In July of this year British Gymnastics announced an independent inquiry into ‘shocking and upsetting’ allegations of serious physical and emotional abuse made by multiple elite athletes.
Francesca Fox, who competed as a rhythmic gymnast at the London 2012 Games, said she had been constantly told she was ‘fat’ and ‘looked like a hippo’ and ended up weighing herself up to 10 times a day as a result.
Logan acknowledged experiencing the same difficulties while competing and said she was always monitoring her food intake.
She said: “I think I had a controlled eating disorder.
“I never got ill because I didn’t want to be ill but I wanted to keep my body looking a certain way. I was really very controlled about what I ate and what I drank and how I lived my life.

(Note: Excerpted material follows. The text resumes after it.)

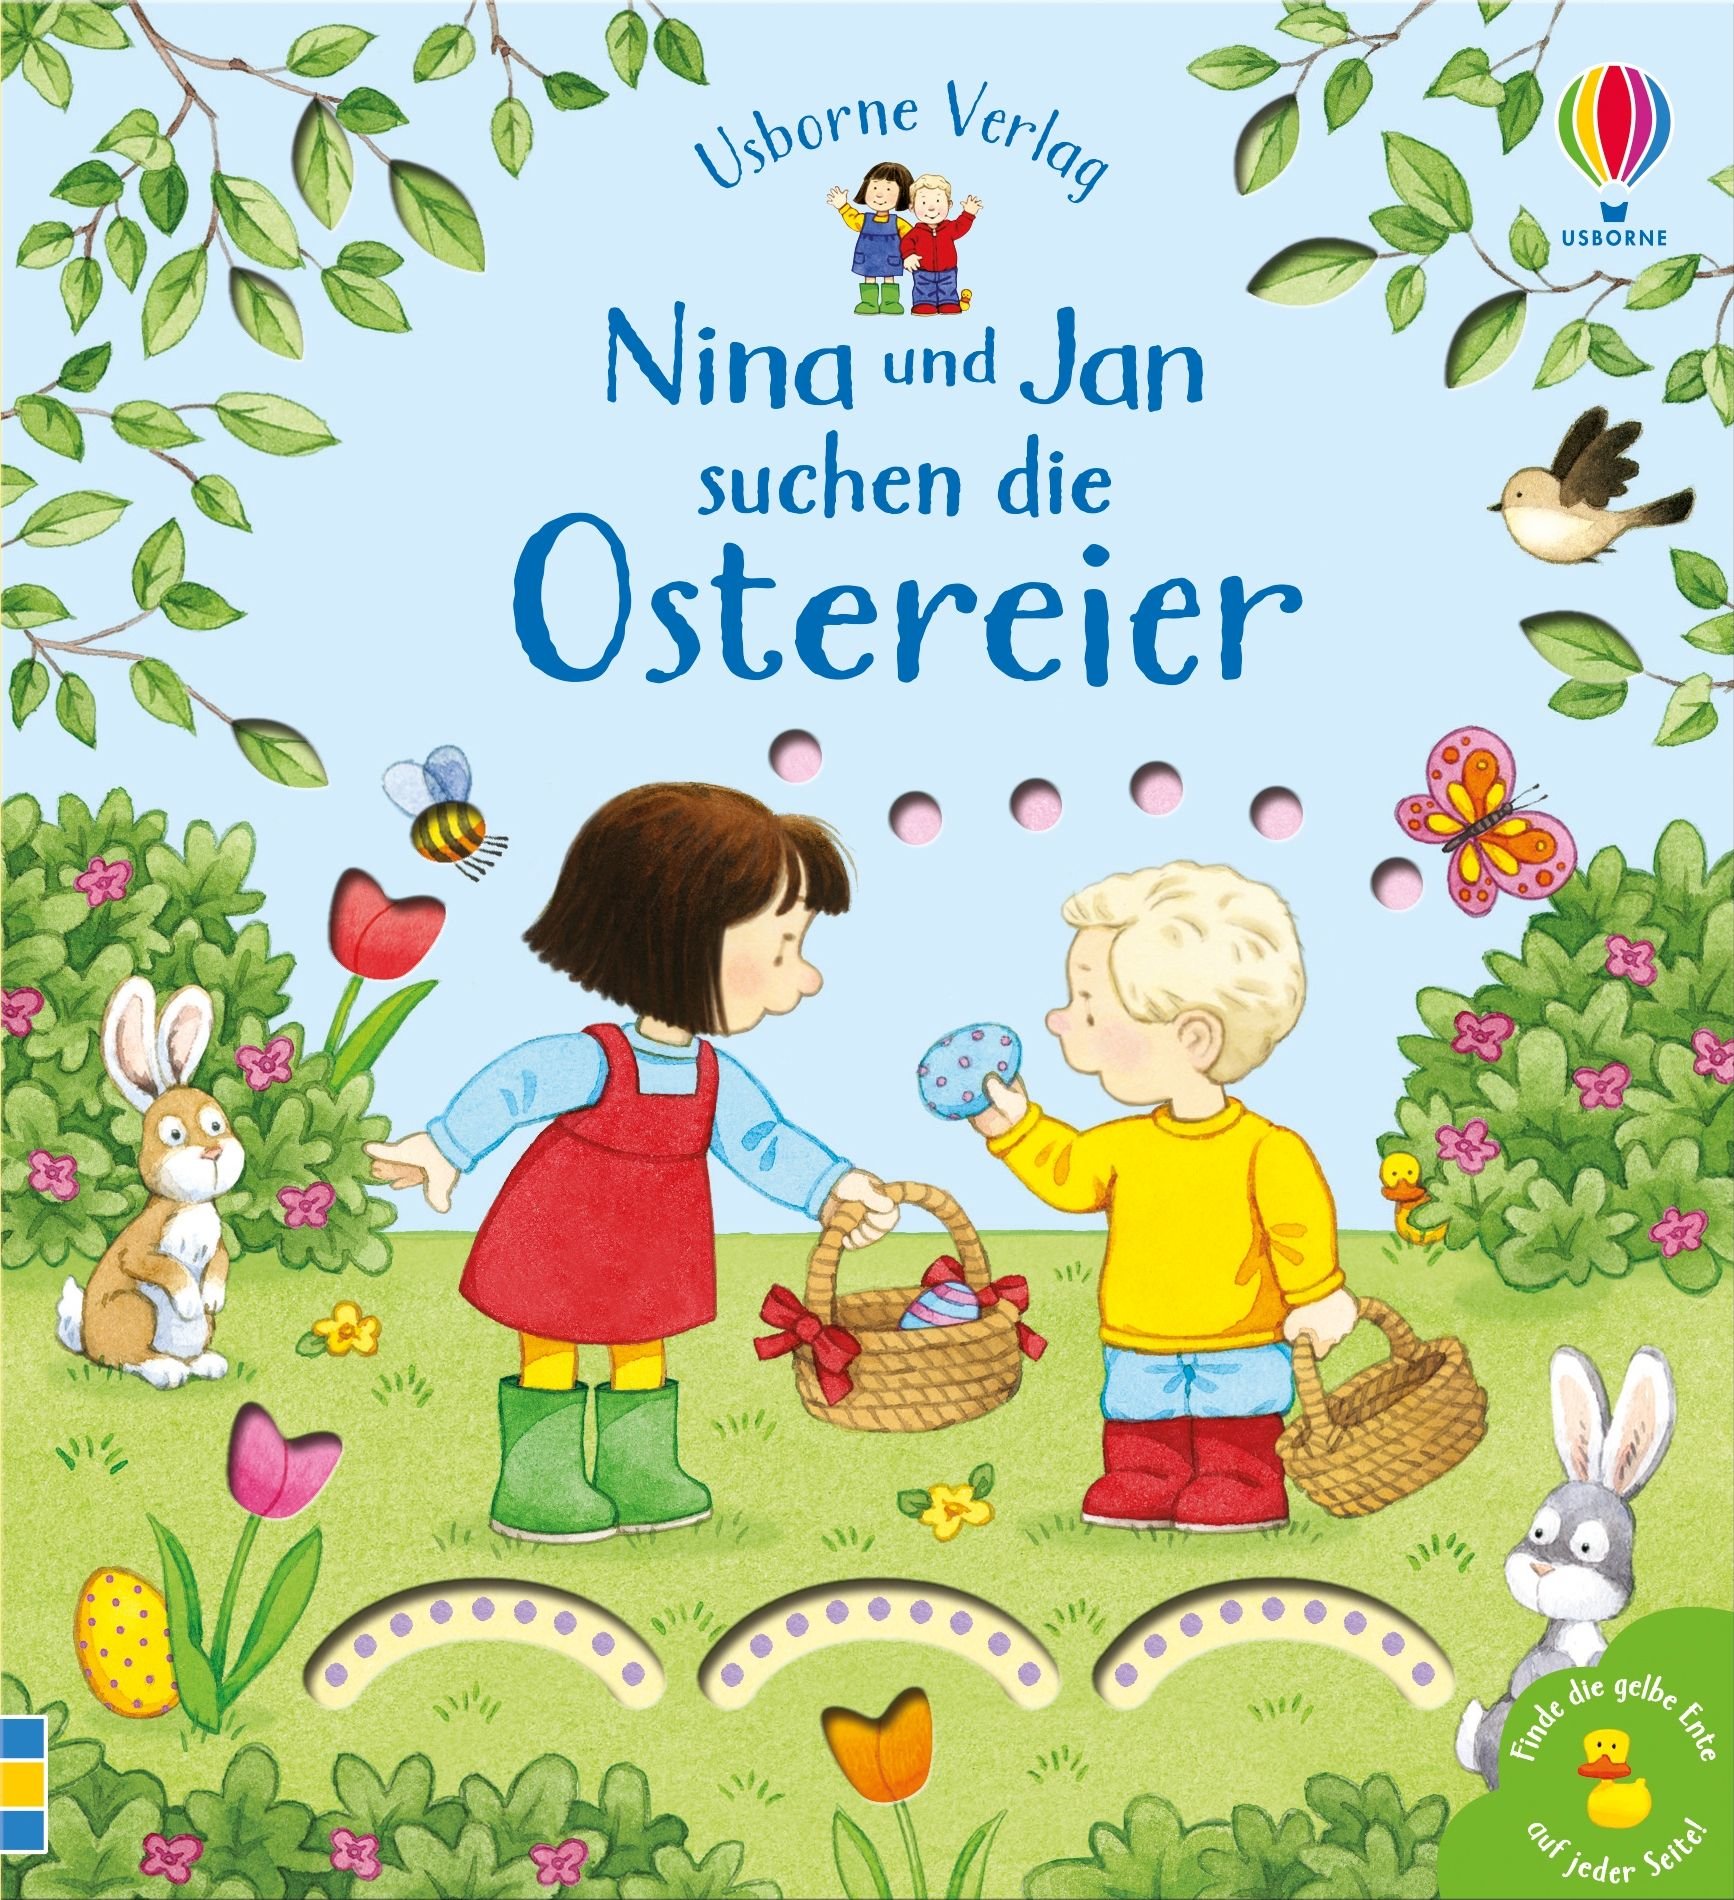 Buchcover "Nina und Jan suchen die Ostereier"

“I didn’t like having no energy so I didn’t want to starve myself.
“I was very rational about it which sounds a bit perverse. That’s not a healthy way to be, obviously.
“If I had known about nutrition as much as I know now I think I would have been in a much better place. Then, the idea was you either ate or you didn’t eat, it wasn’t a case of eating the right things.
“That [issue] did prevail a lot throughout my peers.”
Logan, who has two children and is married to retired Scottish rugby union player Kenny Logan, said she was also told regularly that ‘she wasn’t good’.
She added: “The other part is being told you are not good at something and having to do that again and that is a hard thing to hear and you did hear that a lot.
“That probably made me quite resilient and gave me a certain amount of rigour.
“But you can coach in a way like that which is healthy and it doesn’t have to be abusive. Shouting at someone doesn’t always work.”